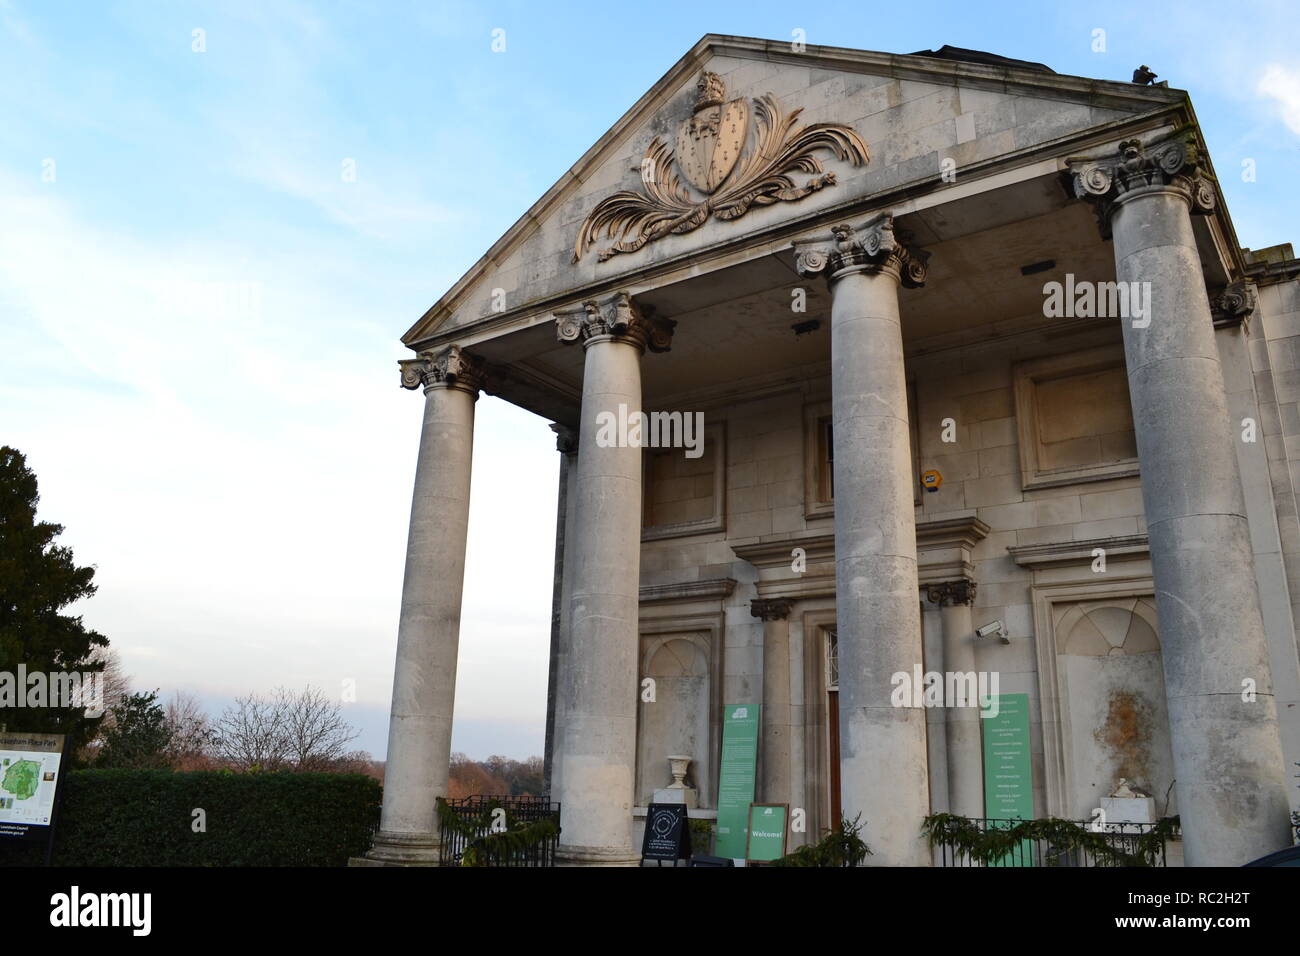 El redesarrollo de Beckenham Park Place, el sureste de Londres, enero de 2018. La fachada de la mansión palaciega de Georgia con sus pilares Foto de stock
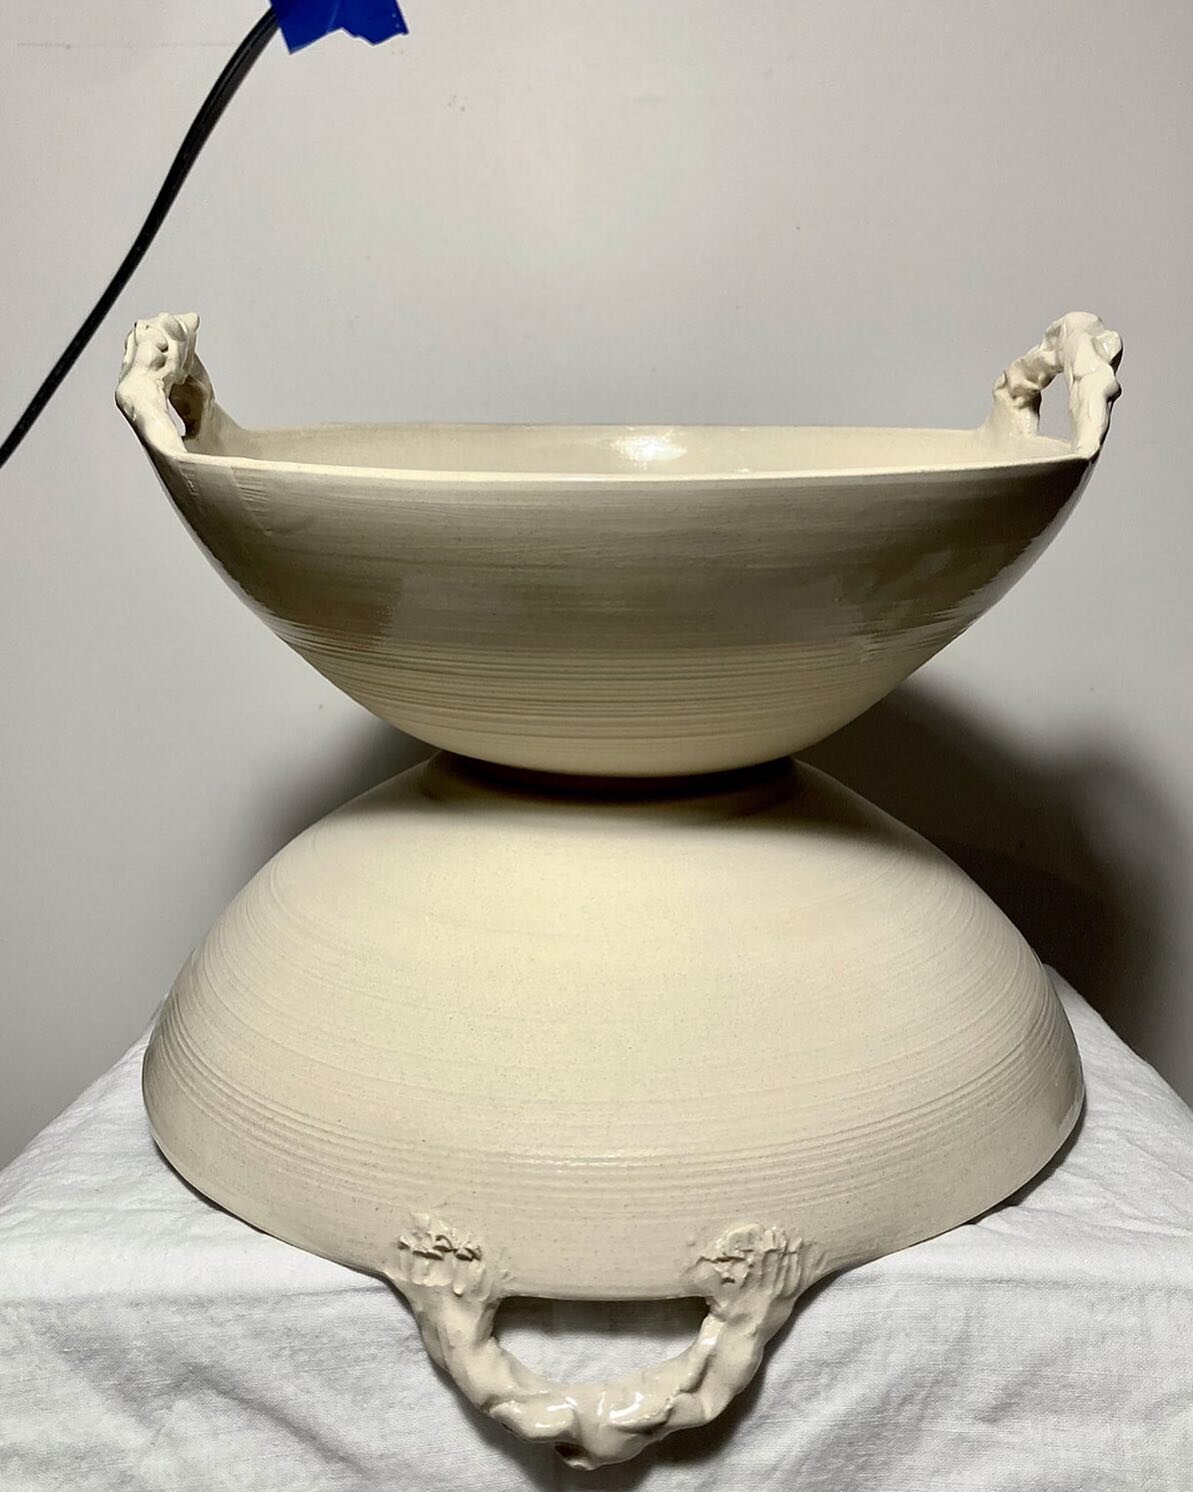 Deux saladiers en gr&egrave;s aux anses moches
.
.
#ceramics #ceramique #cer&aacute;mica #claylove #instapottery #poterie #handmadeceramics
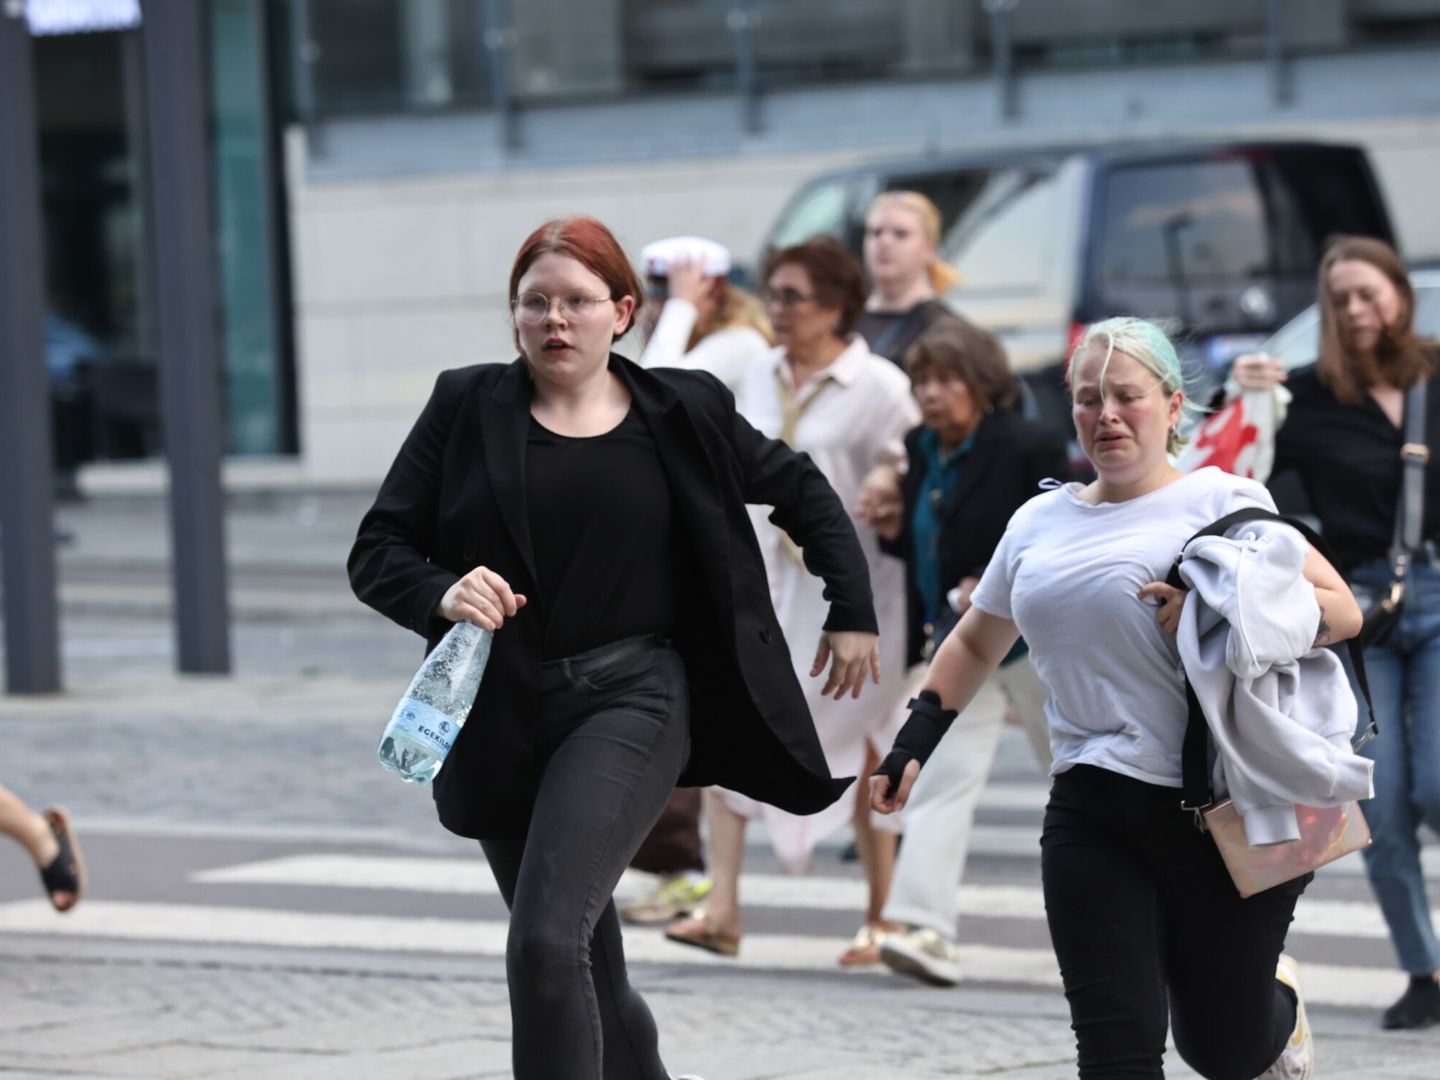 La gente huye del centro comercial tras el tiroteo. (EFE/Olafur Steinar)
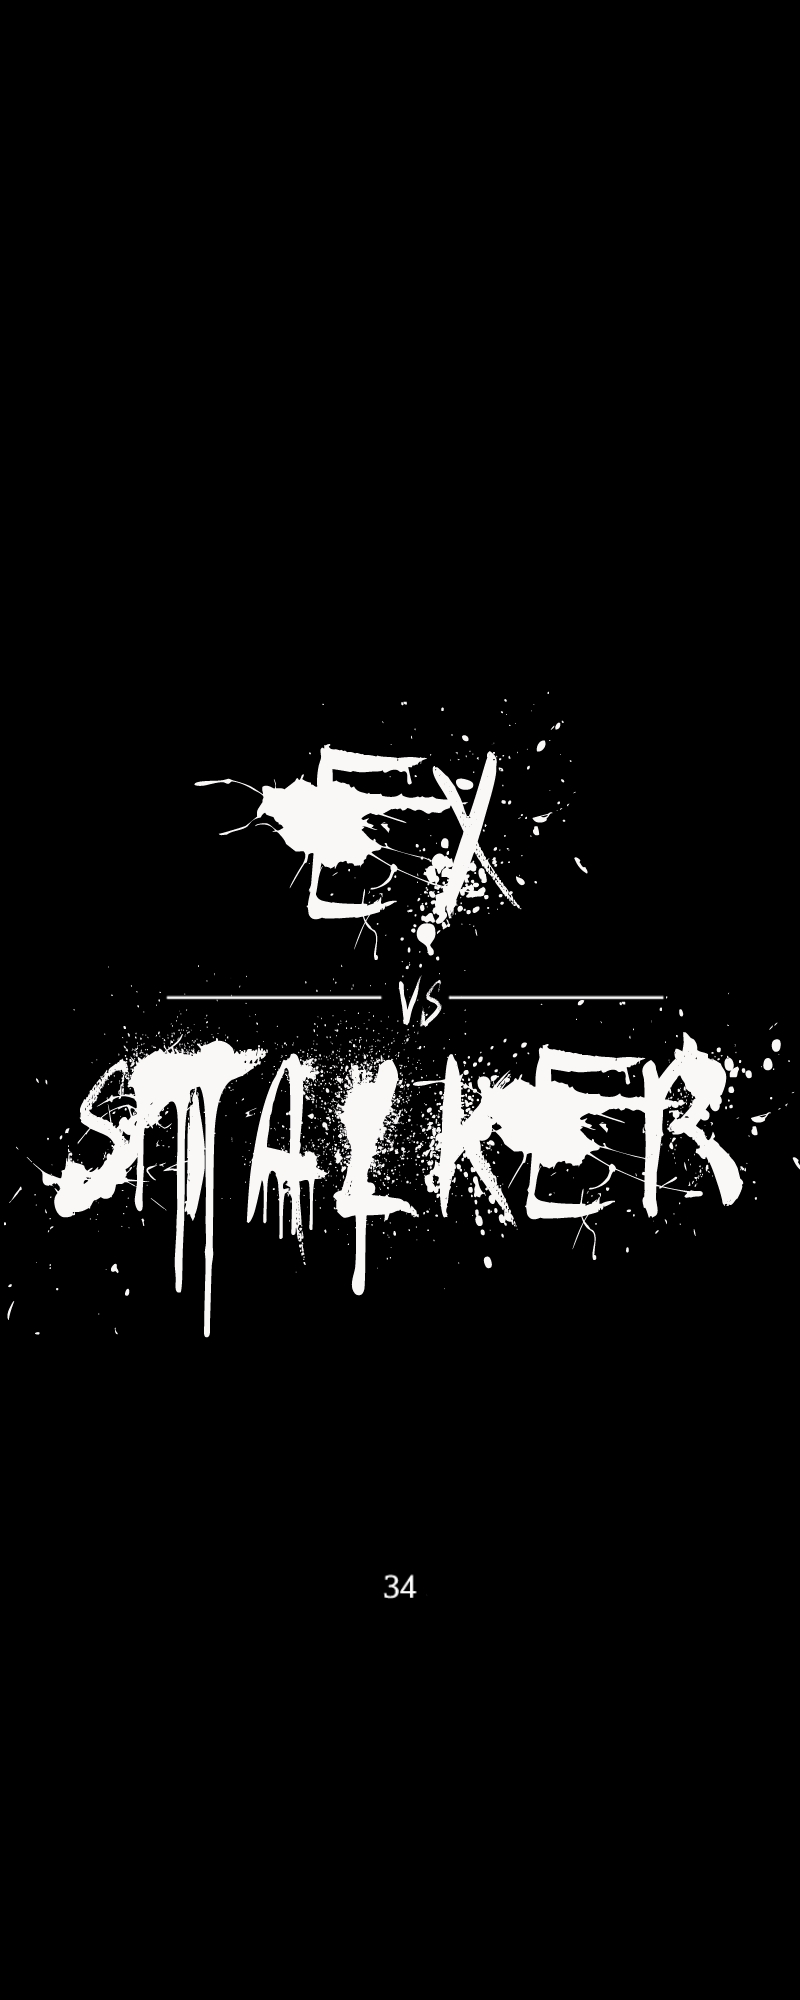 Ex vs. Stalker 34
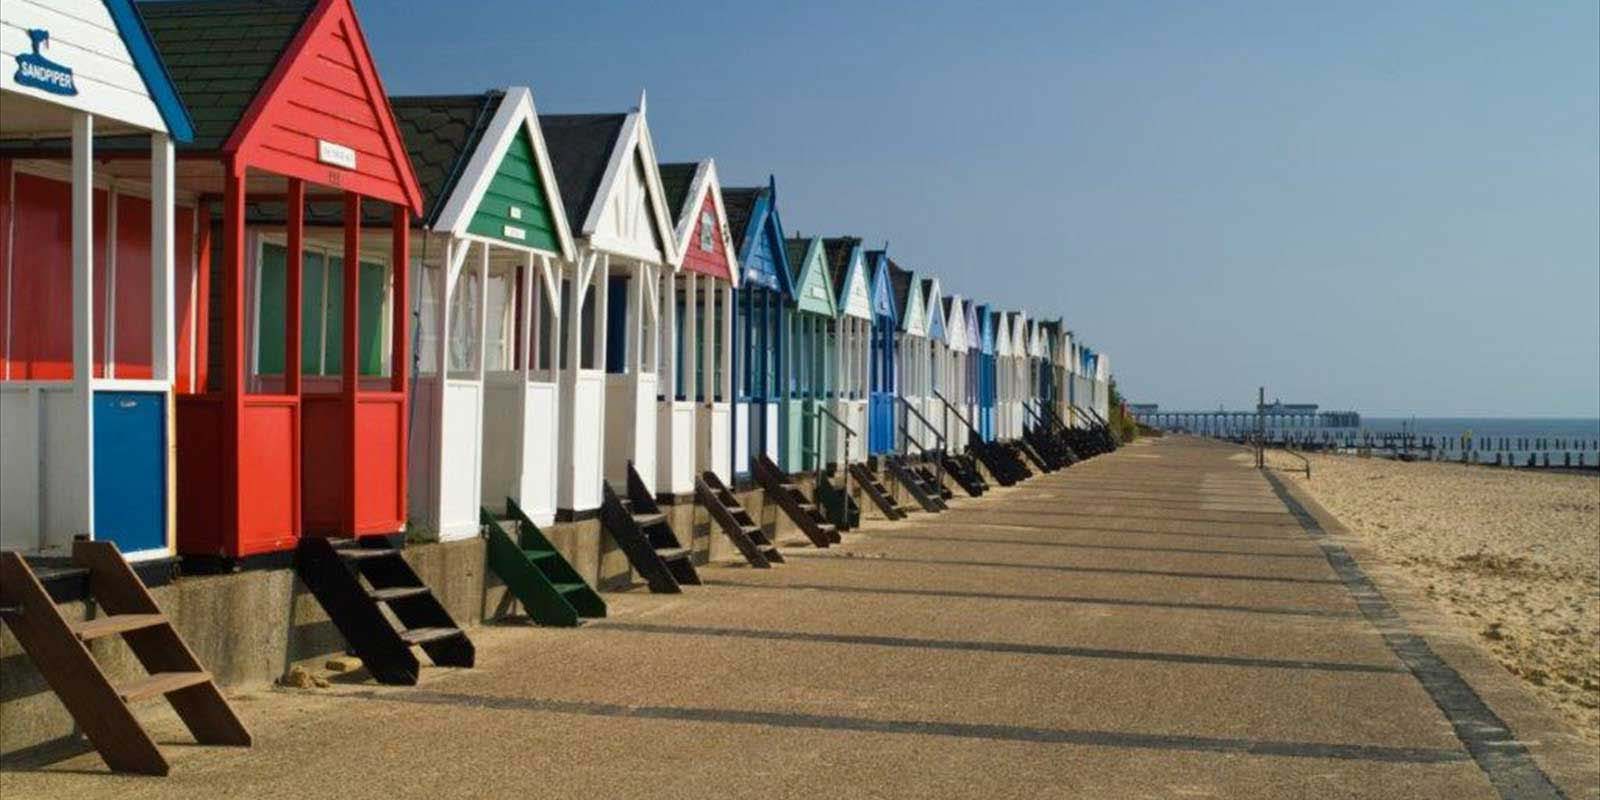 Suffolk holiday huts

-=-=-

§ **Task requirements**
Output all of the data above exactly; no pictures should appear.

§ **Exercise answer**
 El redesarrollo de Beckenham Park Place, el sureste de Londres, enero de 2018. La fachada de la mansión palaciega de Georgia con sus pilares Foto de stock
 Deux saladiers en gr&egrave;s aux anses moches
.
.
#ceramics #ceramique #cer&aacute;mica #claylove #instapottery #poterie #handmadeceramics
 La gente huye del centro comercial tras el tiroteo. (EFE/Olafur Steinar)
 Ex vs. Stalker 34
 Suffolk holiday huts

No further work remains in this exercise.